WORK REQUIRED: Begin at the line that has "Busy beach at Huntington Beach", stop after the line that has "Knoll International Rare", and print exactly those lines from the records below, without any pictures.

[DATA PROVIDED — start]

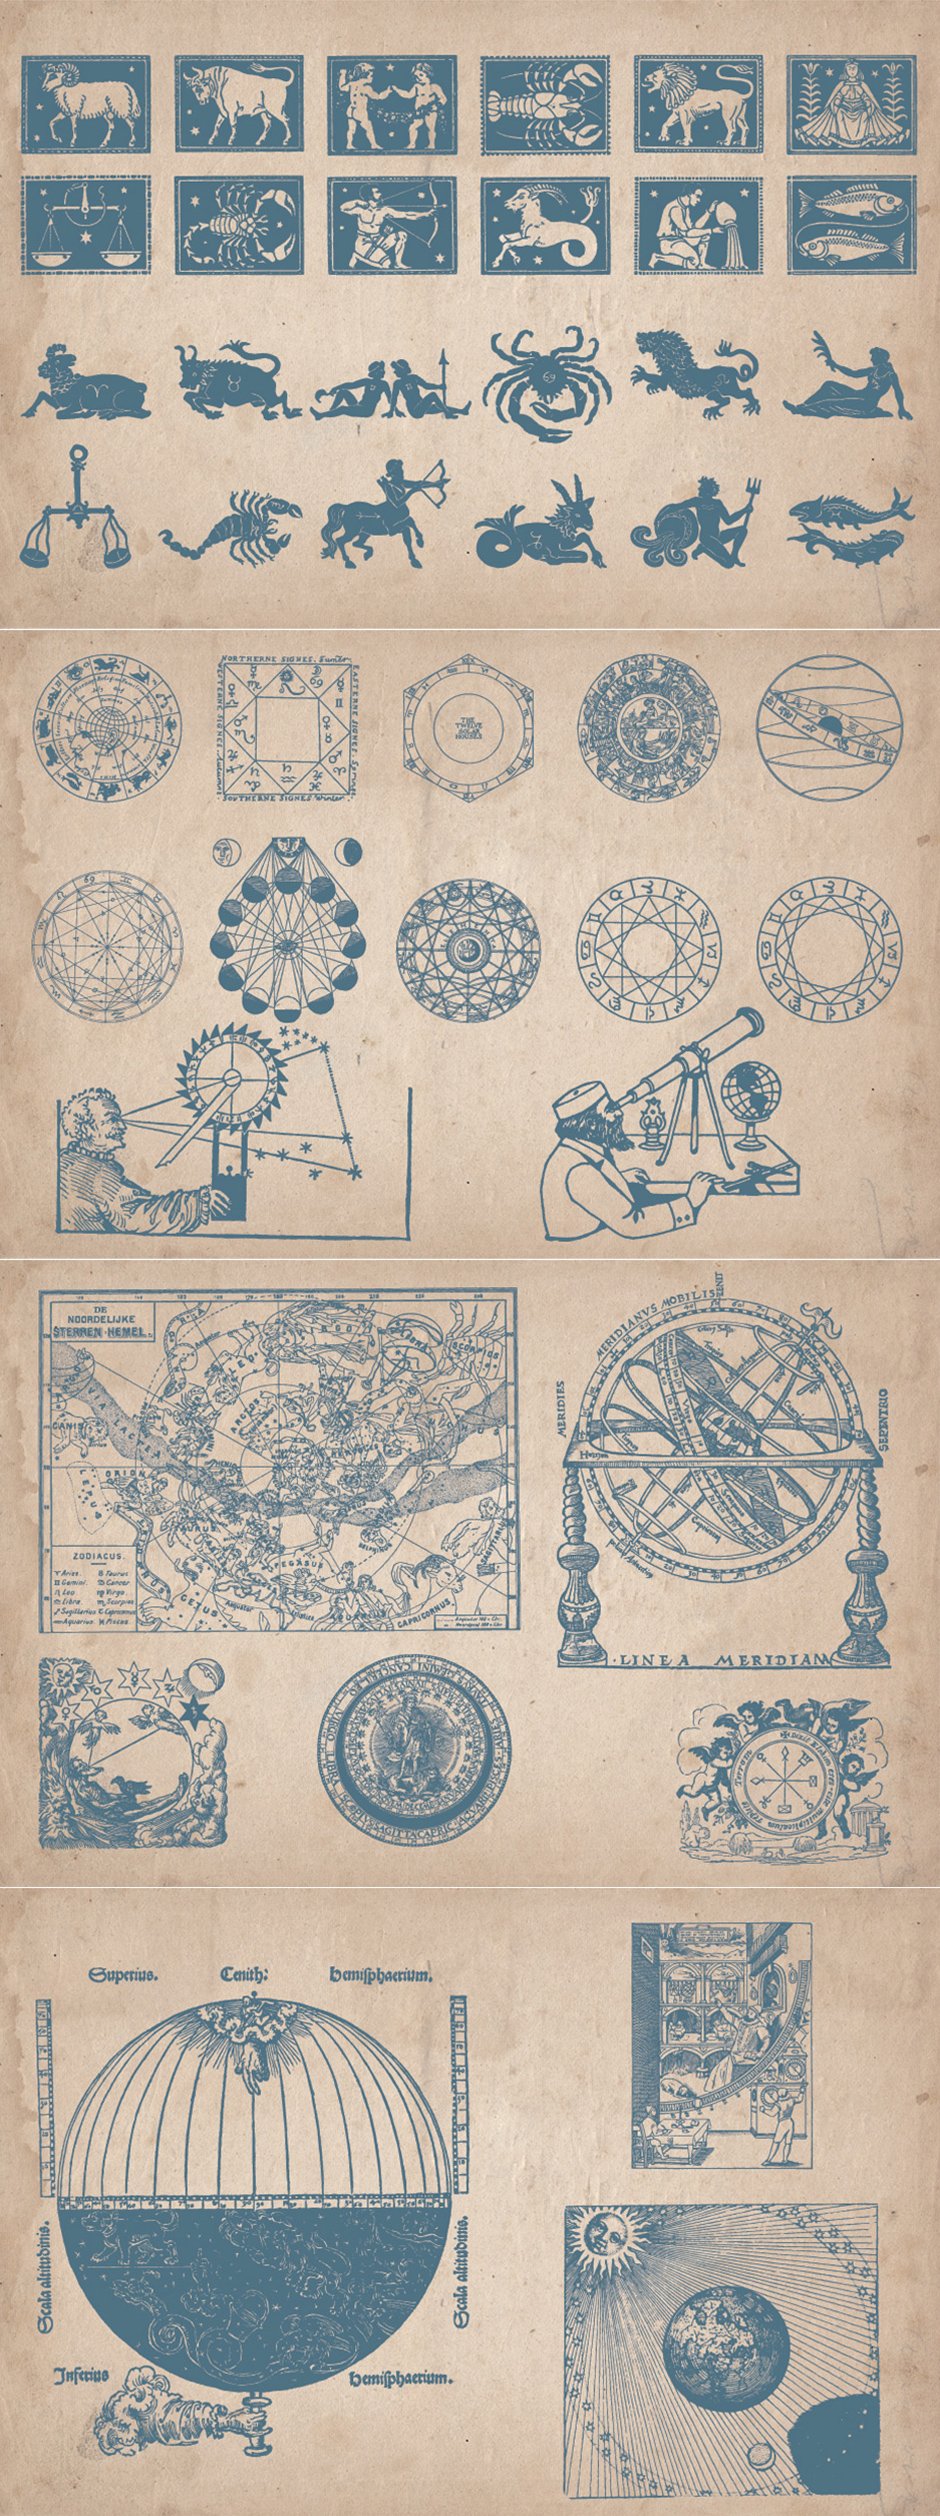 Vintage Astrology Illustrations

[DATA PROVIDED — finish]
[DATA PROVIDED — start]

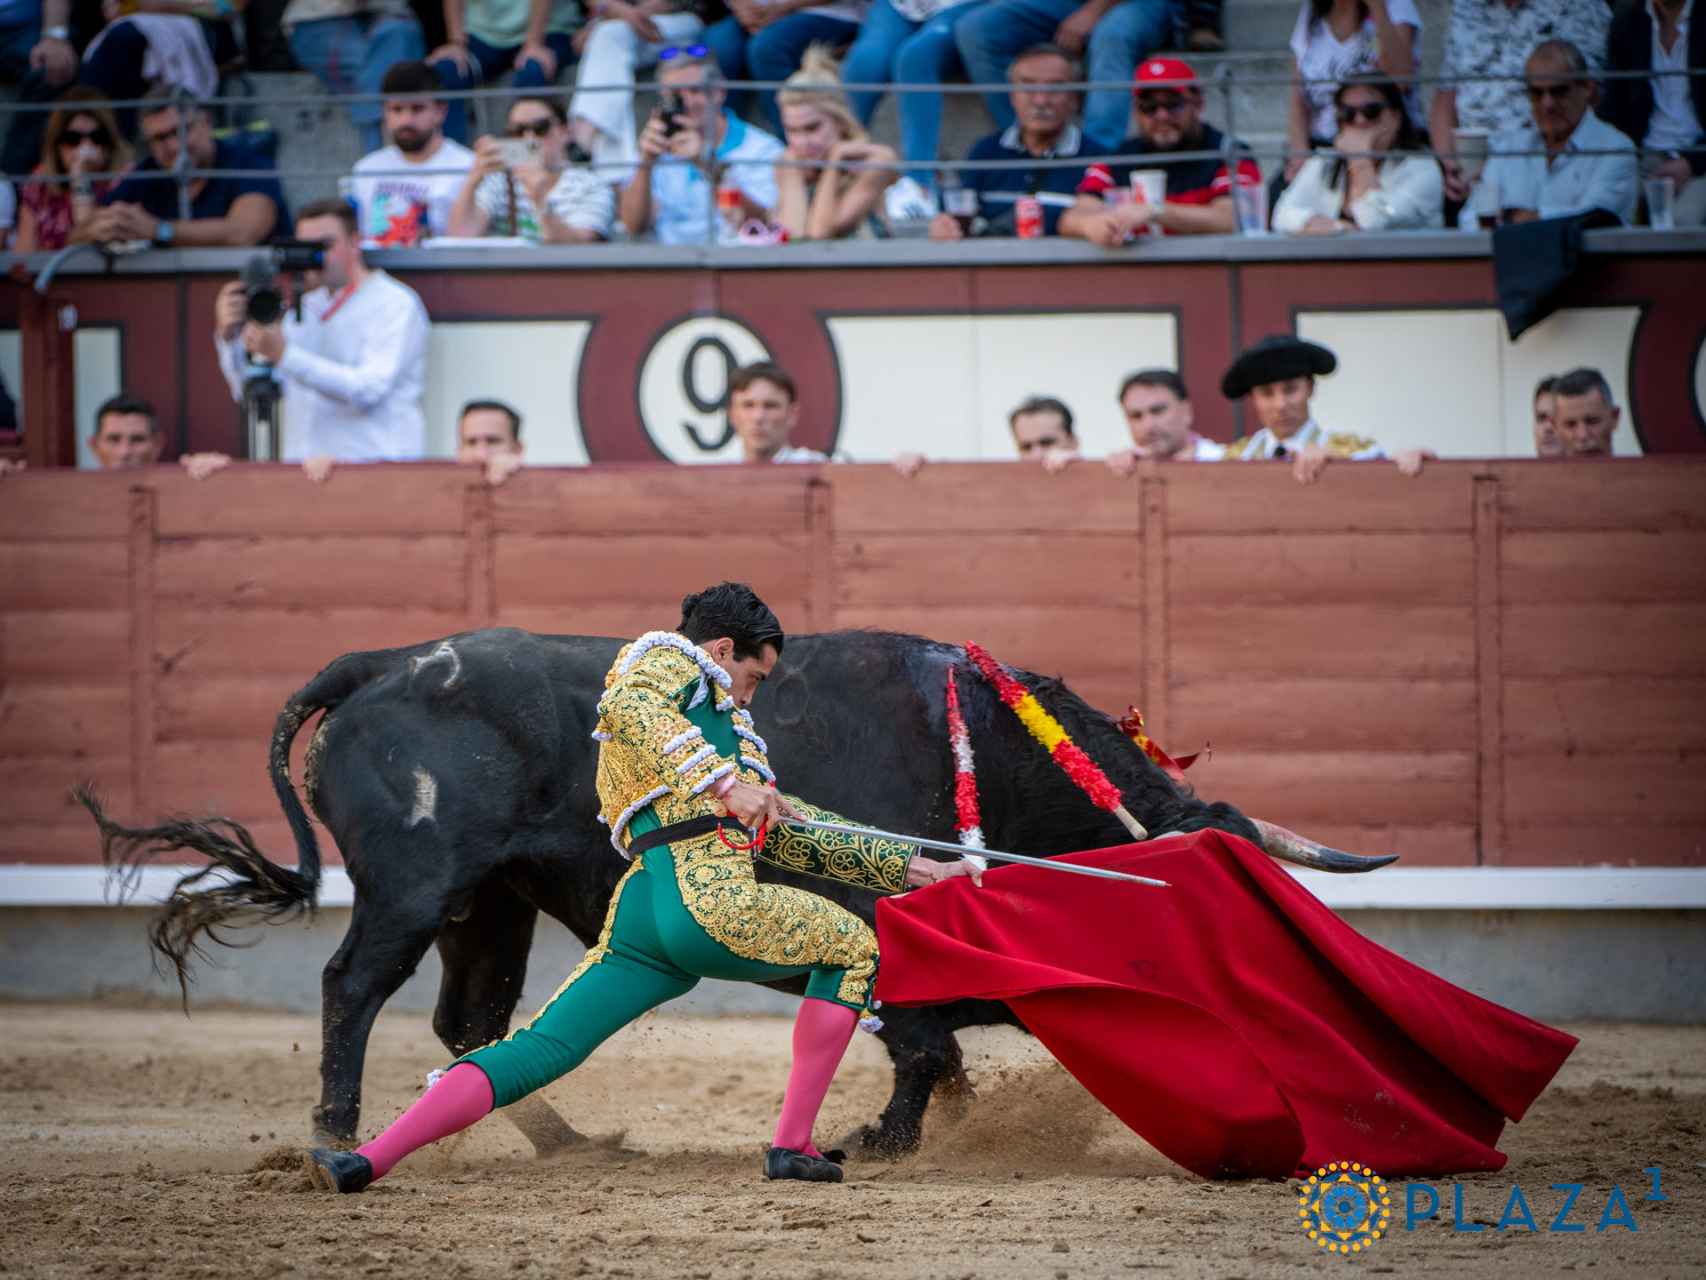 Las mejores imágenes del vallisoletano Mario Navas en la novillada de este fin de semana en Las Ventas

[DATA PROVIDED — finish]
[DATA PROVIDED — start]

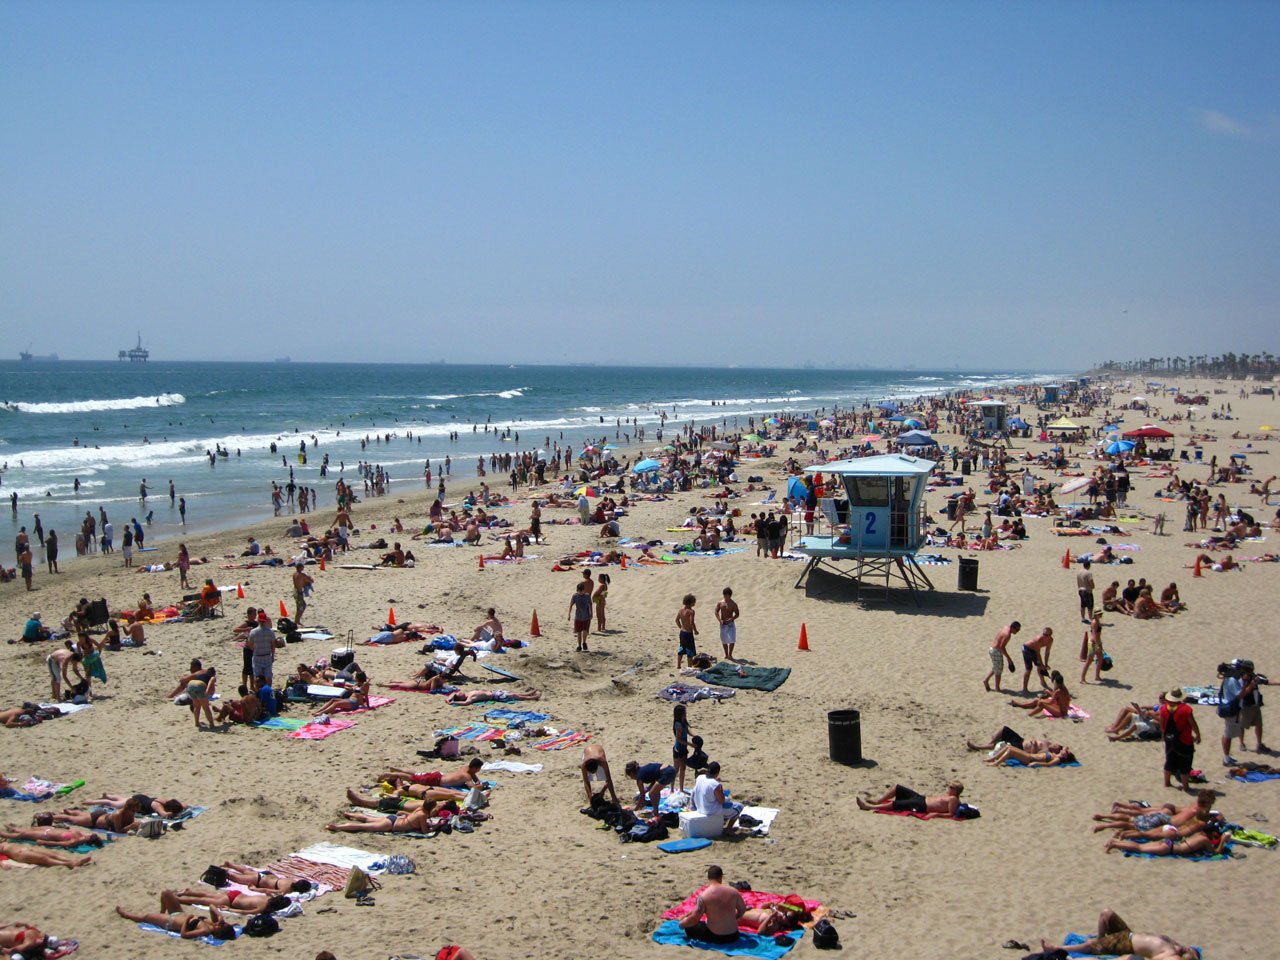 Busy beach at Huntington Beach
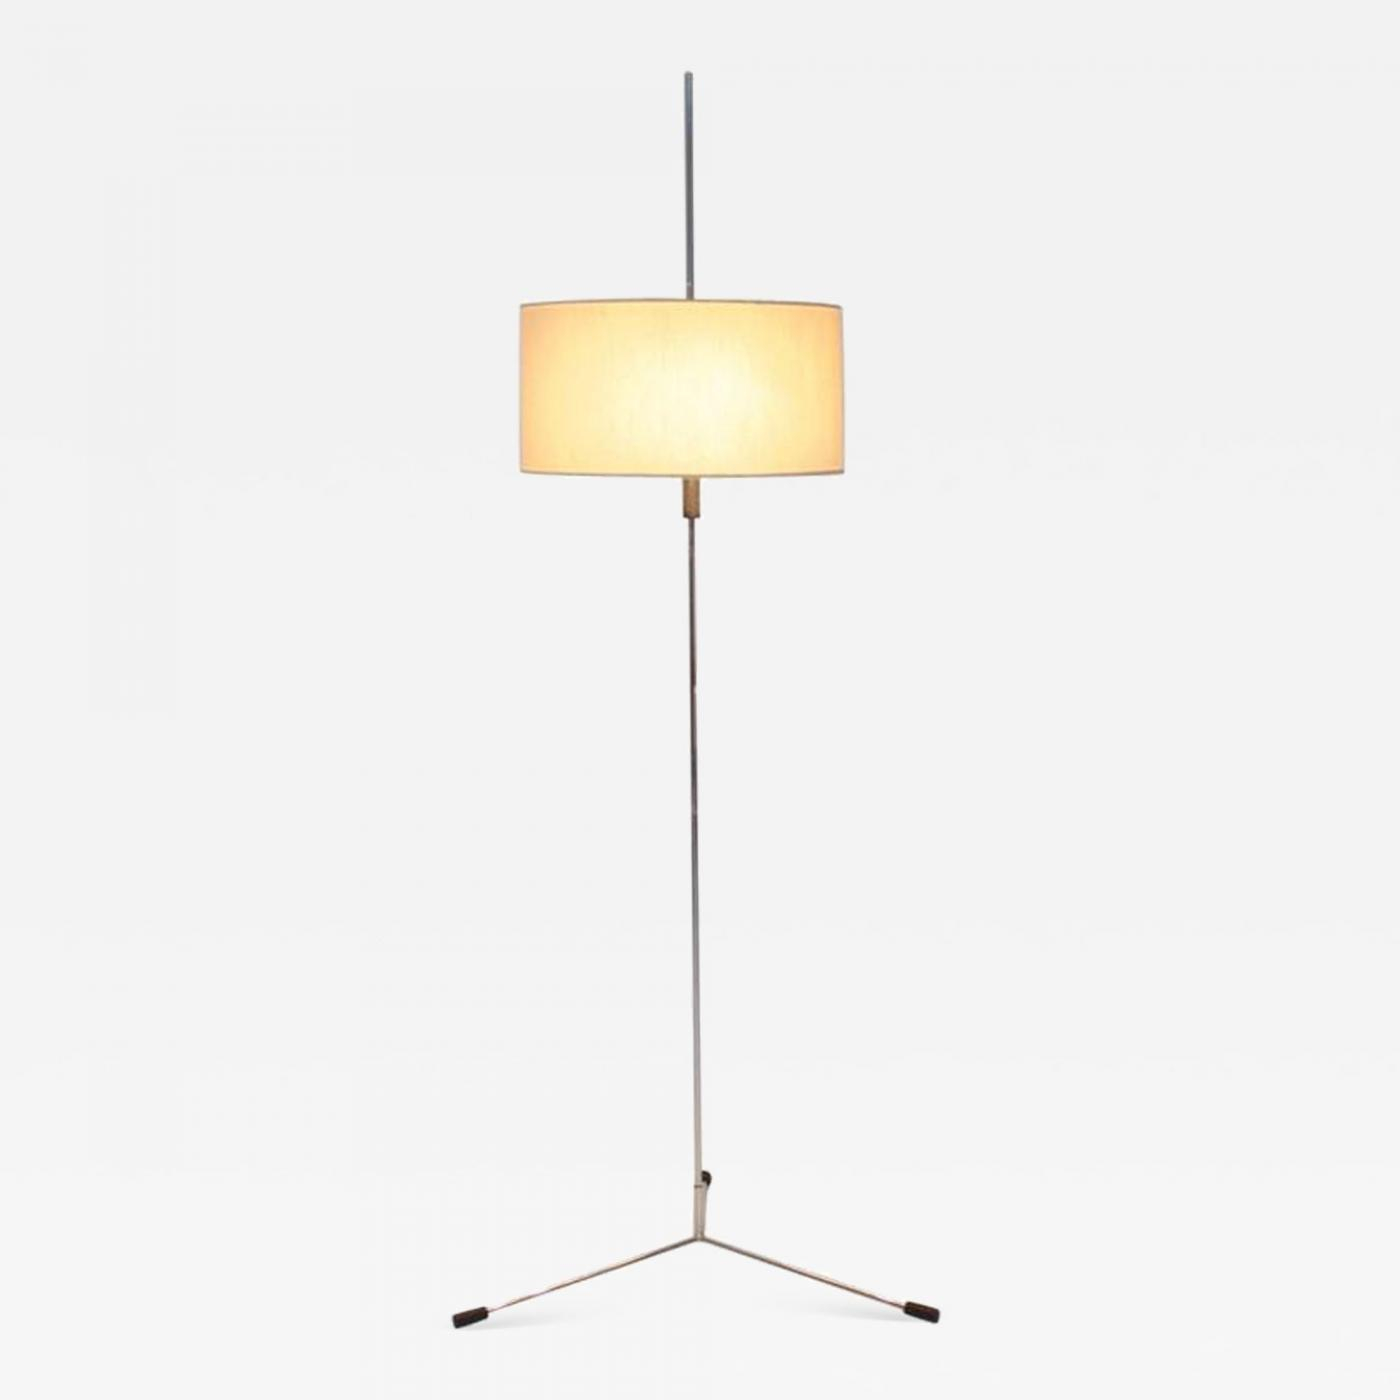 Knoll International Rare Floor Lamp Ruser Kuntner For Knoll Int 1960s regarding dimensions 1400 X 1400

[DATA PROVIDED — finish]

WRITTEN RESPONSE:
 Busy beach at Huntington Beach
 Knoll International Rare Floor Lamp Ruser Kuntner For Knoll Int 1960s regarding dimensions 1400 X 1400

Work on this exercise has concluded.